■ **Exercise data**

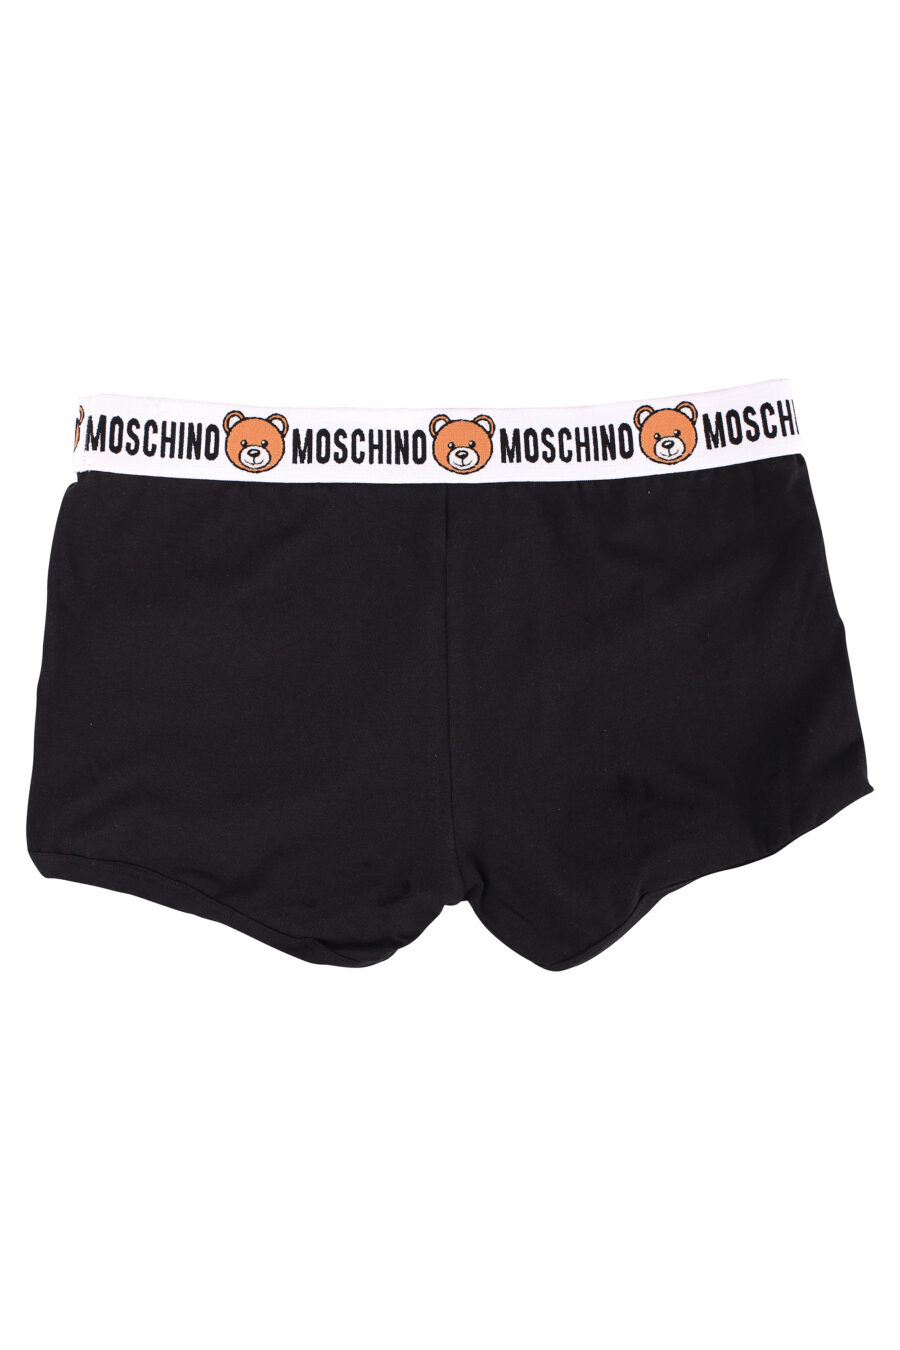 Pack de dos boxers negros con logo oso "underbear" - IMG 6636
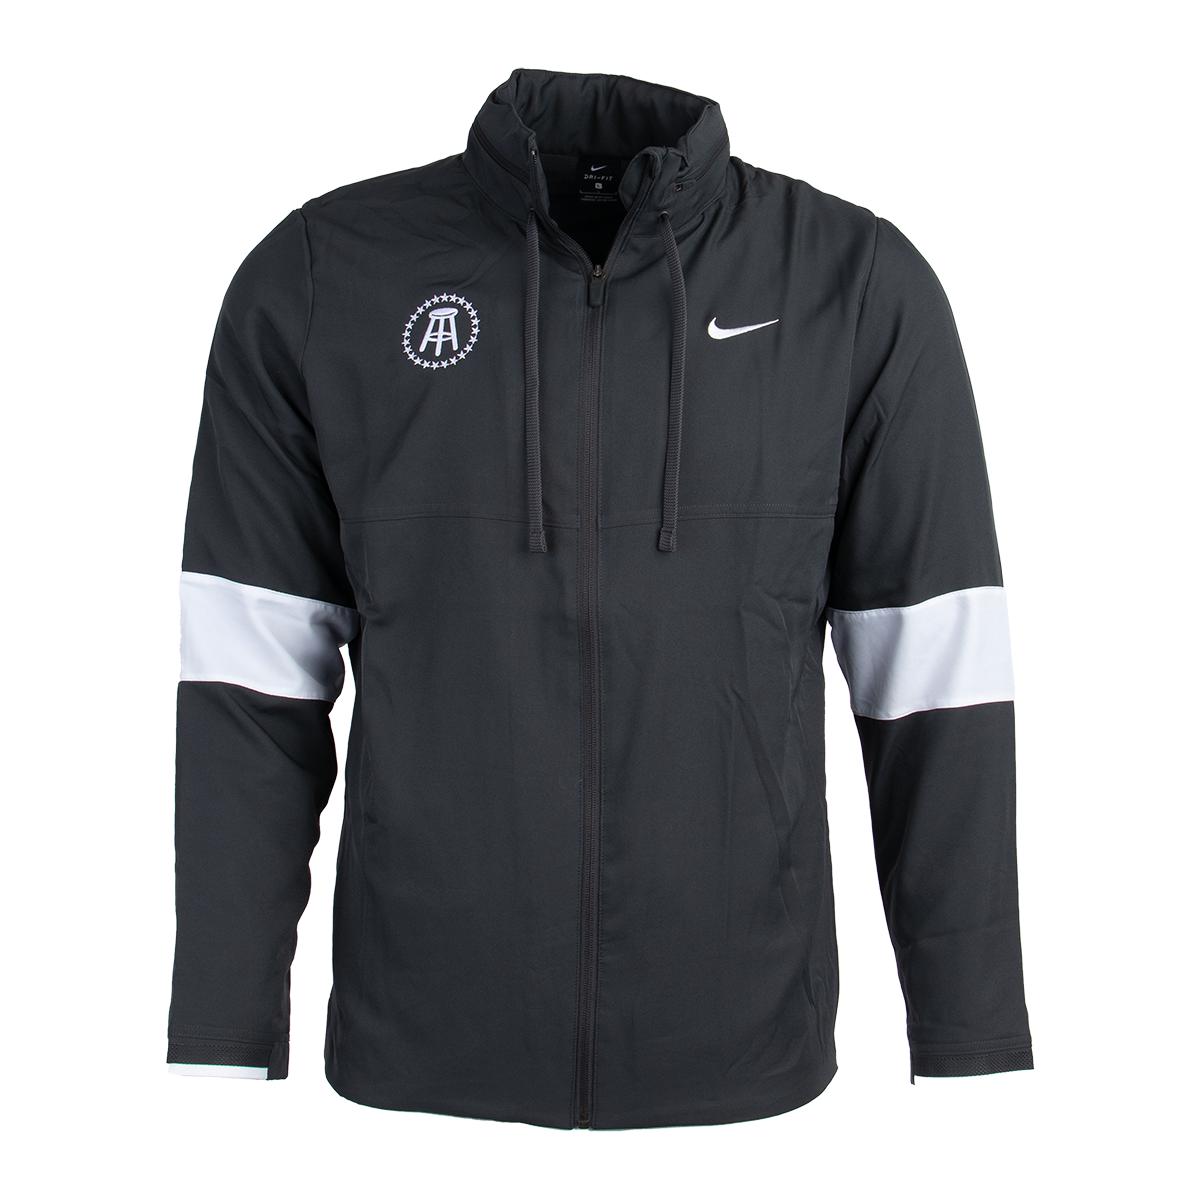 Barstool Sports Nike Dry Jacket-Jackets-Barstool Sports-Barstool Sports
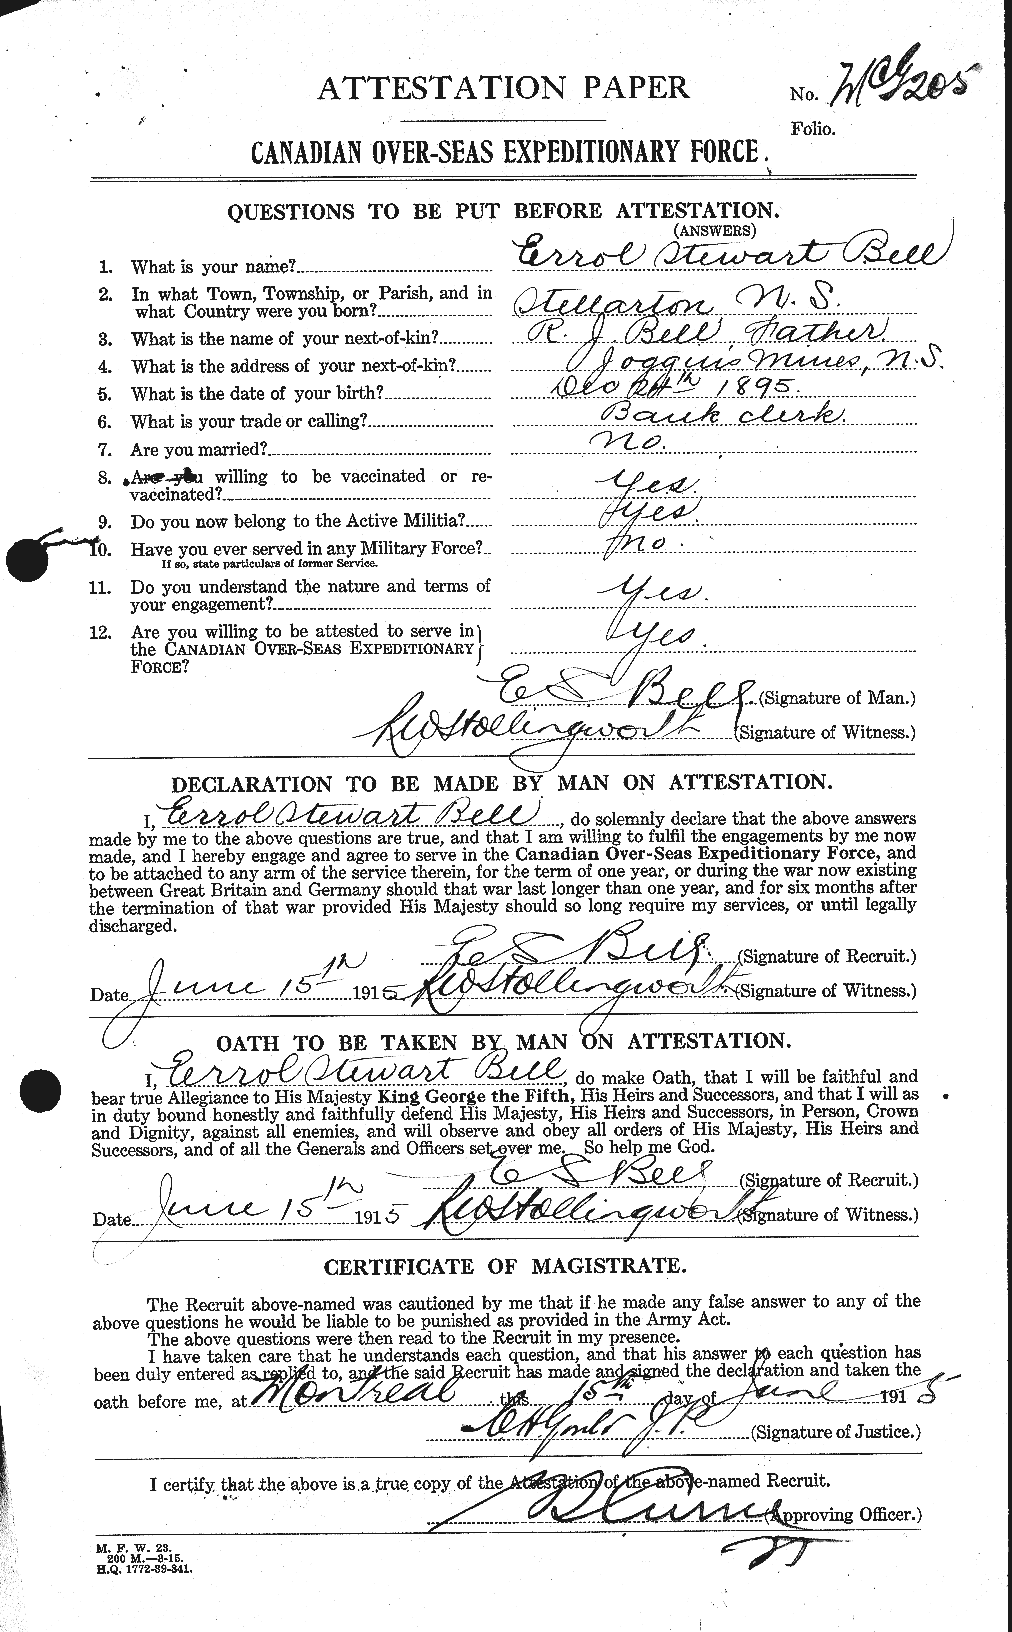 Dossiers du Personnel de la Première Guerre mondiale - CEC 234077a
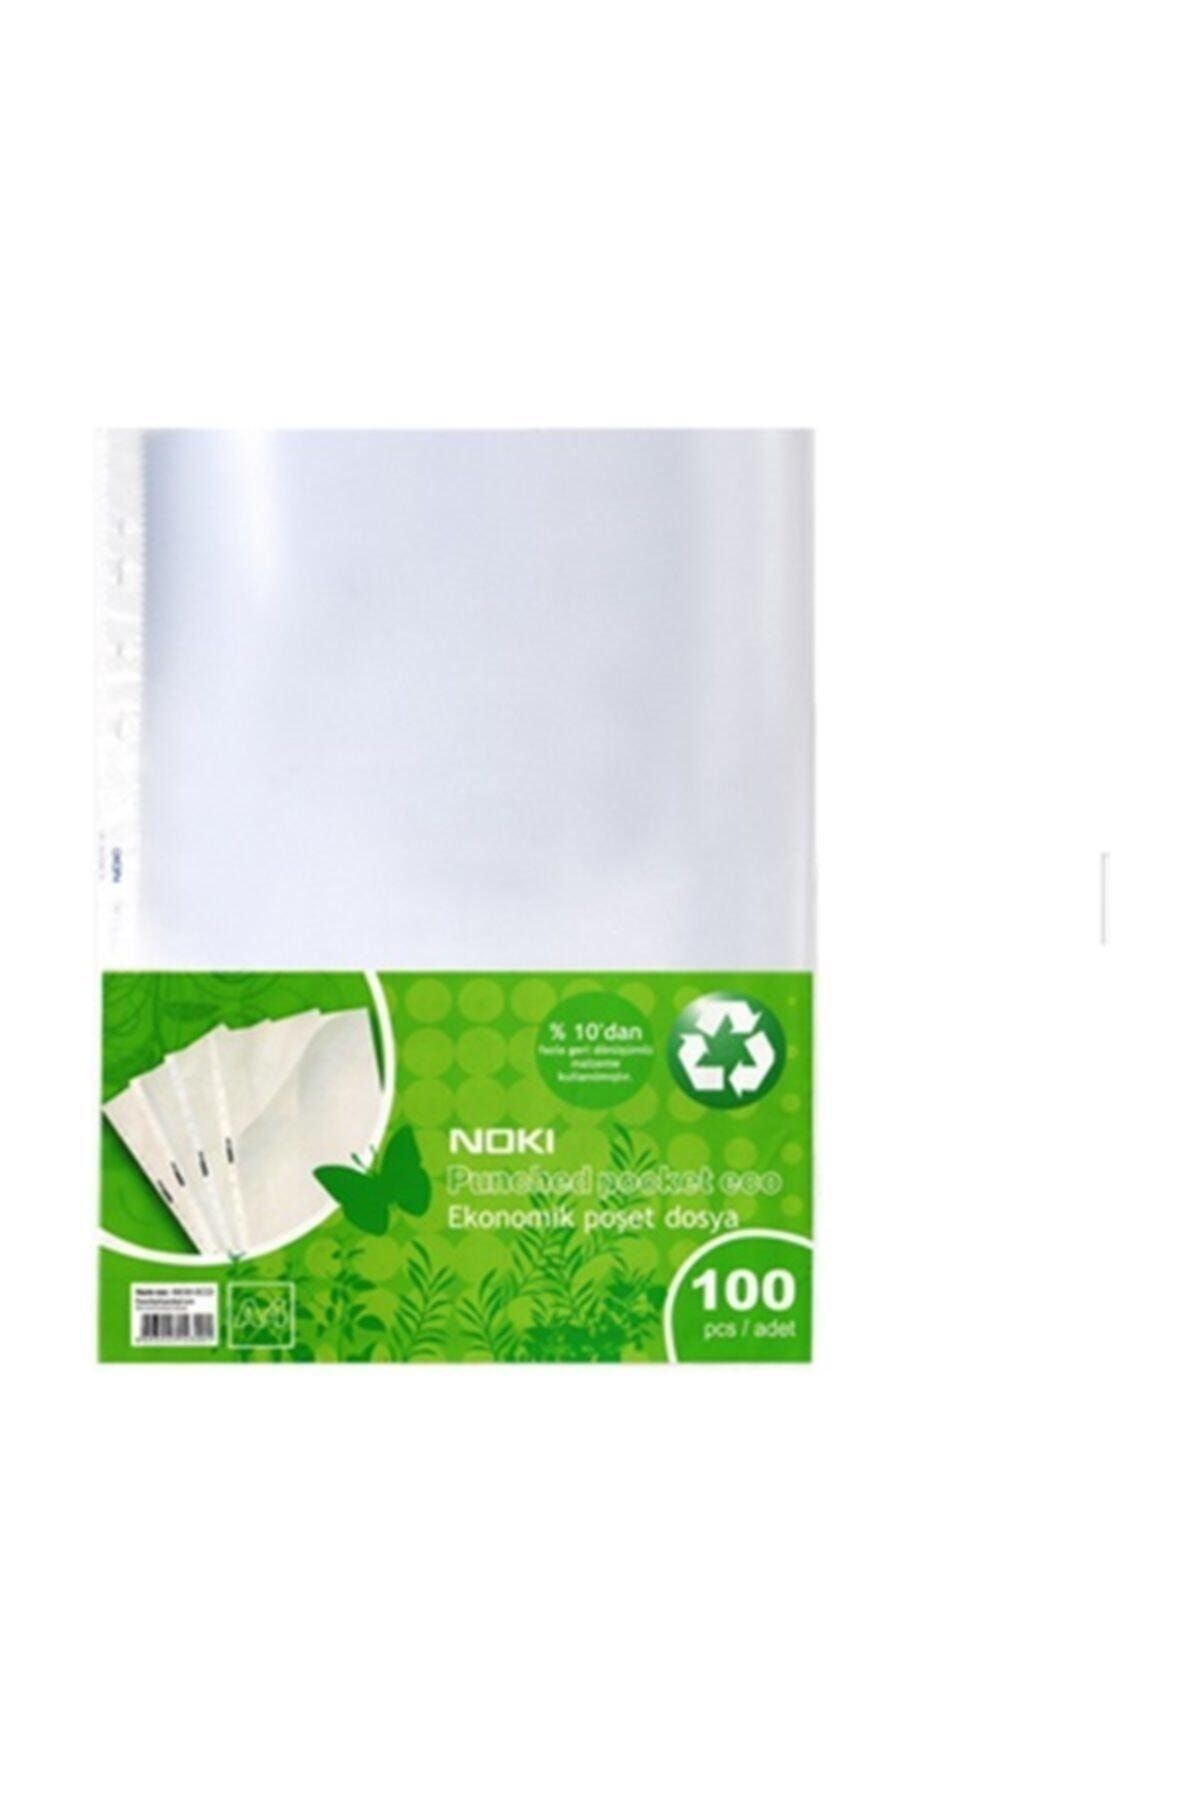 Noki Eco Poşet Dosya A/4 100lü 3 Paket 300 Adet

■ **Exercise goal**
Would you return the data above exactly as written, minus the images?

■ **Solution to this problem**
 Pack de dos boxers negros con logo oso "underbear" - IMG 6636
 Barstool Sports Nike Dry Jacket-Jackets-Barstool Sports-Barstool Sports
 Dossiers du Personnel de la Première Guerre mondiale - CEC 234077a
 Noki Eco Poşet Dosya A/4 100lü 3 Paket 300 Adet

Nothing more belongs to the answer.